On 9 July 2015, the Court of Justice of the European Union (CJEU) issued its judgment in InnoLux Corp. v Commission C-231/14P, confirming the existence of a new concept in cartel fining: “direct European Economic Area [EEA] sales through transformed products”. This new concept can be used by the European Commission to calculate fines of an amount higher than a restrictive reading of its Fining Guidelines might suggest.
Background
The judgment arose out of the liquid crystal display (LCD) cartel case, which involved several LCD producers in Asia. The European Commission determined that the cartel participants had three channels of sale into the EEA:
Direct EEA sales, i.e., LCD panels for IT or television applications directly sold to another undertaking in the EEA.
Direct EEA sales through transformed products, i.e., LCD panels incorporated intra-group into a final IT or television product and subsequently sold to another undertaking in the EEA.
Indirect Sales, i.e., LCD panels sold by one of the cartel participants to another undertaking outside the EEA, which would then incorporate the panels into final IT or television products and sell them in the EEA.
The Commission took the view that inclusion of the third channel was not necessary for the purposes of imposing a fine to achieve a sufficient level of deterrence, but did take account of the first two channels. InnoLux challenged the inclusion of the second channel, and the General Court of the European Union rejected the challenge.
The CJEU’s Judgment
The CJEU upheld the decisions of the EU General Court and the Commission, notwithstanding the opinion of the Advocate-General to the contrary.
The CJEU referred first to the established case law, according to which the amount of the fine imposed on an undertaking must reflect “the economic significance of the infringement and the relative size of the undertakings’ contribution to it”.

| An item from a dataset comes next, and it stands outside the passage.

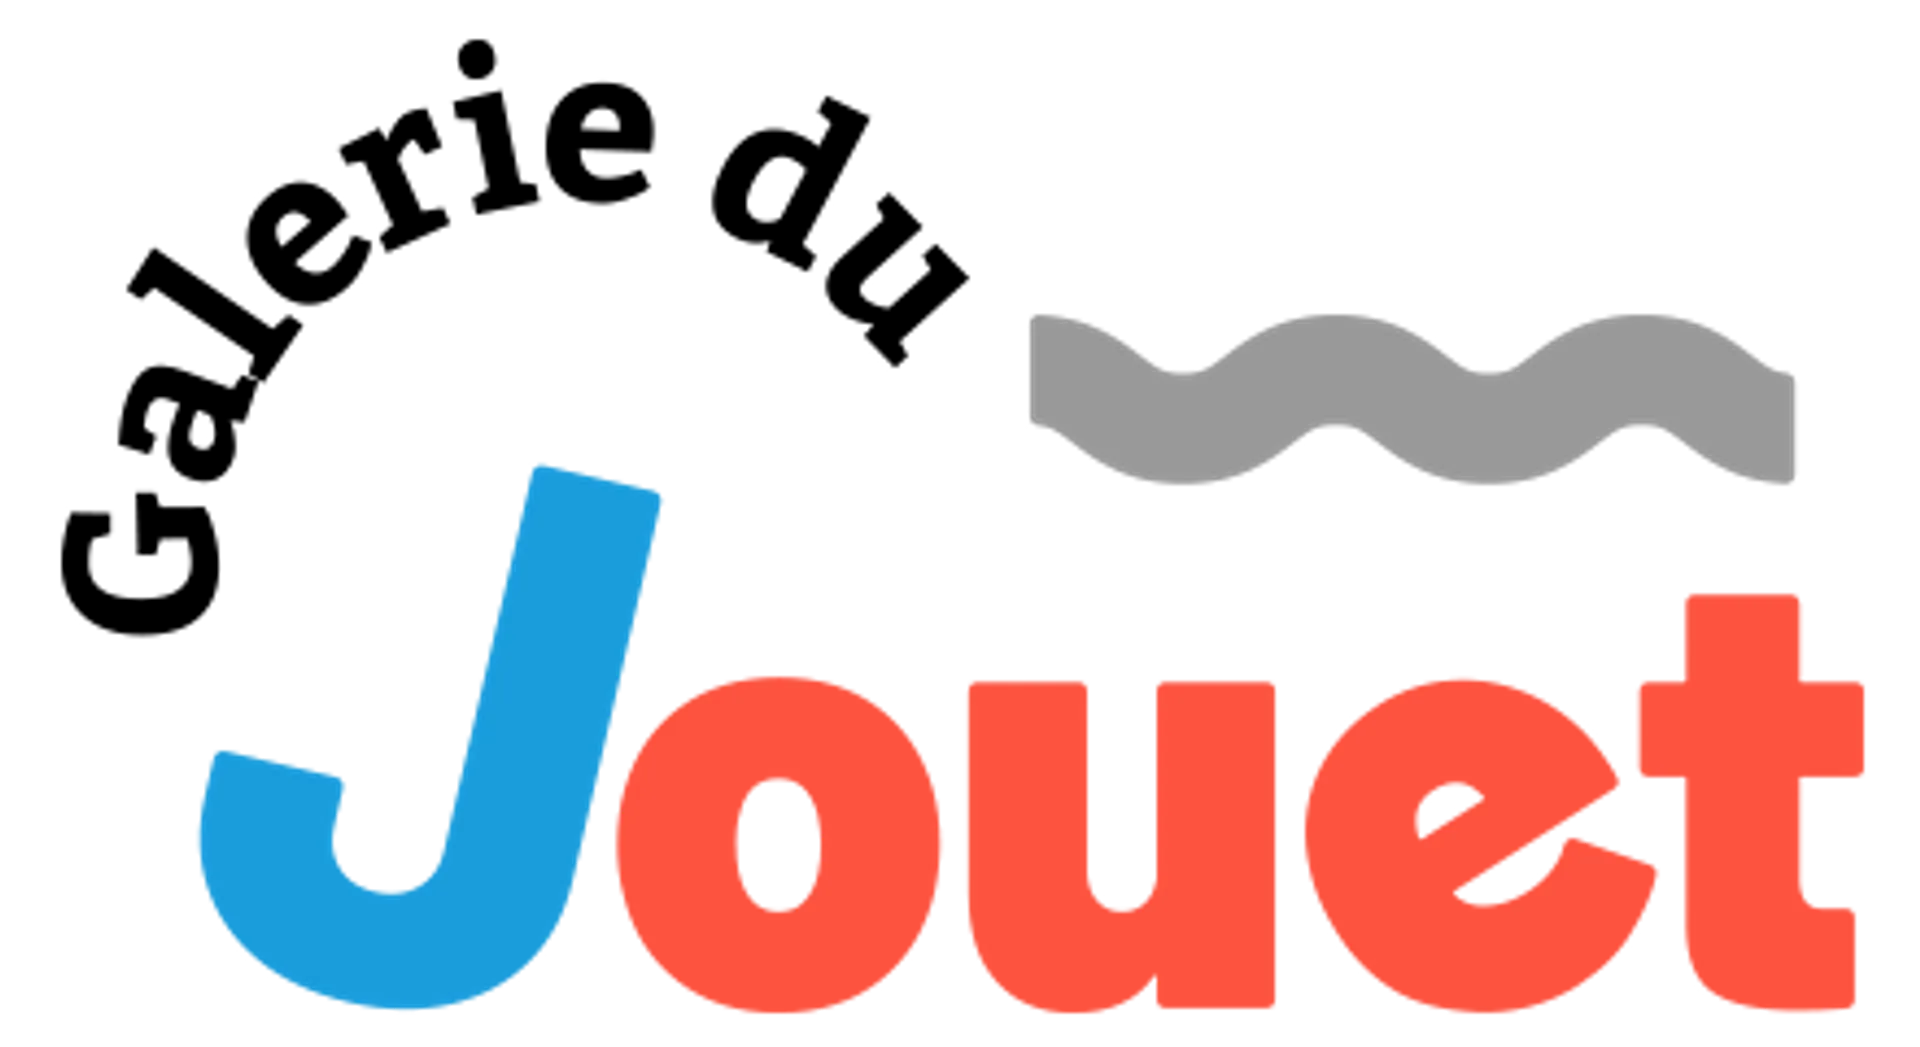 GALERIE DU JOUET logo de circulaire

Next, the CJEU observed that, applying this principle, the existing case law (Guardian Industries C-580/12P 12 November 2014) concludes that sales of the product concerned to a related party in the EEA should be taken into account in the same way as sales direct to unrelated parties.
The CJEU then took an innovative step. It extended the approach in Guardian Industries as follows. When sales of a cartelised product are made to a related party outside the EEA, and the product is incorporated into a downstream product that is sold to independent third parties inside the EEA, the sales of the downstream product into the EEA can be taken into account in determining the amount of the fine. The value to be taken into account is not the full value of the downstream product, but the proportion of that value that corresponds to the value of the cartelised product that was incorporated into the downstream product.
The CJEU emphasised that this case was not about whether or not the Commission had jurisdiction. The Commission’s jurisdiction was not in dispute because the cartel participants, including Innolux, made some sales of LCDs direct to independent third parties in the EEA.
Practical Consequences
The case shows that the CJEU is prepared to give a wide interpretation to the expression in the Commission’s Fining Guidelines: “the value of the undertaking’s sales of goods or services to which the infringement directly or indirectly … relates … within the EEA”. This enlargement of the Commission’s fining powers should be highlighted in all competition compliance programmes.